There is little evidence about which methods of constructing priors are more accurate; research on the quality of reasoning under uncertainty in general suggests that direct expert elicitations are unlikely to provide reliably accurate estimates of values or distributions for assignment to bias parameters.74,75 Of great concern is that expert opinions are highly susceptible to bias. Experts are often influenced by their selective knowledge, reading and interpretation of the literature, as well as personal preferences (‘wish bias’). They can also be overconfident and understate the uncertainty about bias that would be warranted by available evidence,76 which in turn results in overconfidence about the size of effect under study.15,23 Furthermore, experts may seriously misjudge the quality of the literature and the extent to which bias accounts for previous findings.
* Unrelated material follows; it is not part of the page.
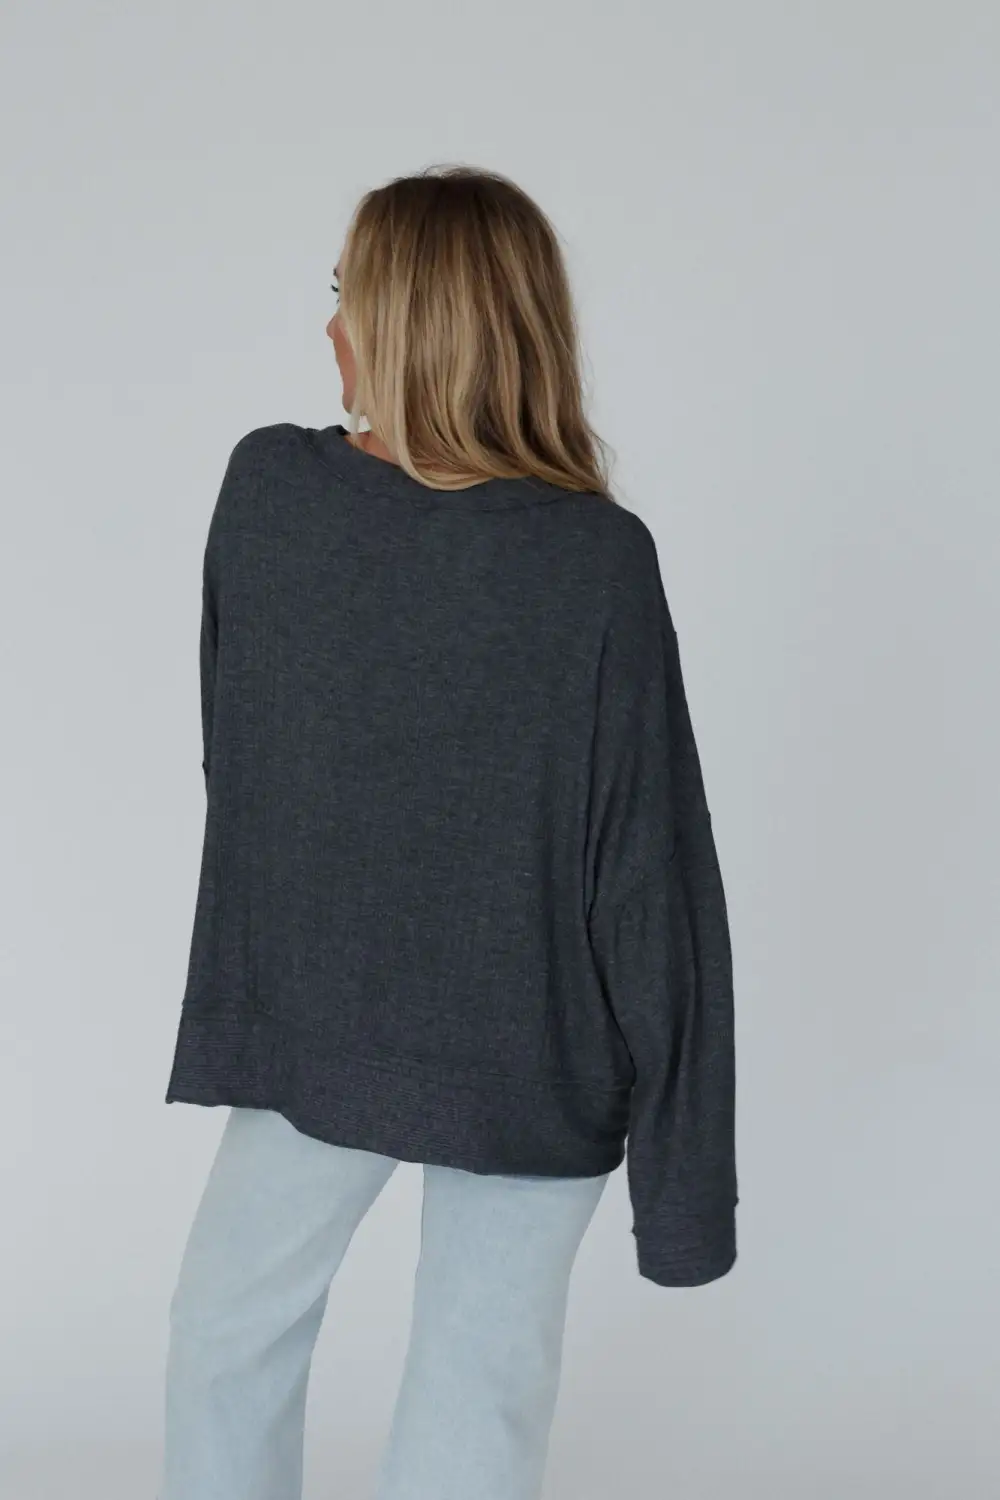 Soul Rhythm Sweater Top - Charcoal

Such misjudgments may be aggravated by expert overconfidence or poor judgment about the reliability or quality of articles (e.g. over-rating their own studies or those that agree with their views, and under-rating those that conflict with what they expect). As a result, we recommend that analysts inspect the literature directly rather than rely solely on expert opinions. In doing so the analyst should bear in mind that, like reviews, judgment may also be distorted by publication bias and by lack of information on study problems in published reports.

Assigning values and distributions to bias parameters

A parsimonious strategy that does not require specifying the bias parameter values or distributions is to use target-adjustment sensitivity analysis.26 In this approach, one back-calculates from conventional results to find combinations of bias-parameter values that would qualitatively change or explain the conventional statistics (e.g. that would shift an estimated effect measure to the null value or to a doubling of risk). Target-adjustment sensitivity analysis can be easier to implement and understand than bias modelling with best estimates assigned as values for the bias parameters, for it demands only qualitative assumptions about the bias parameters.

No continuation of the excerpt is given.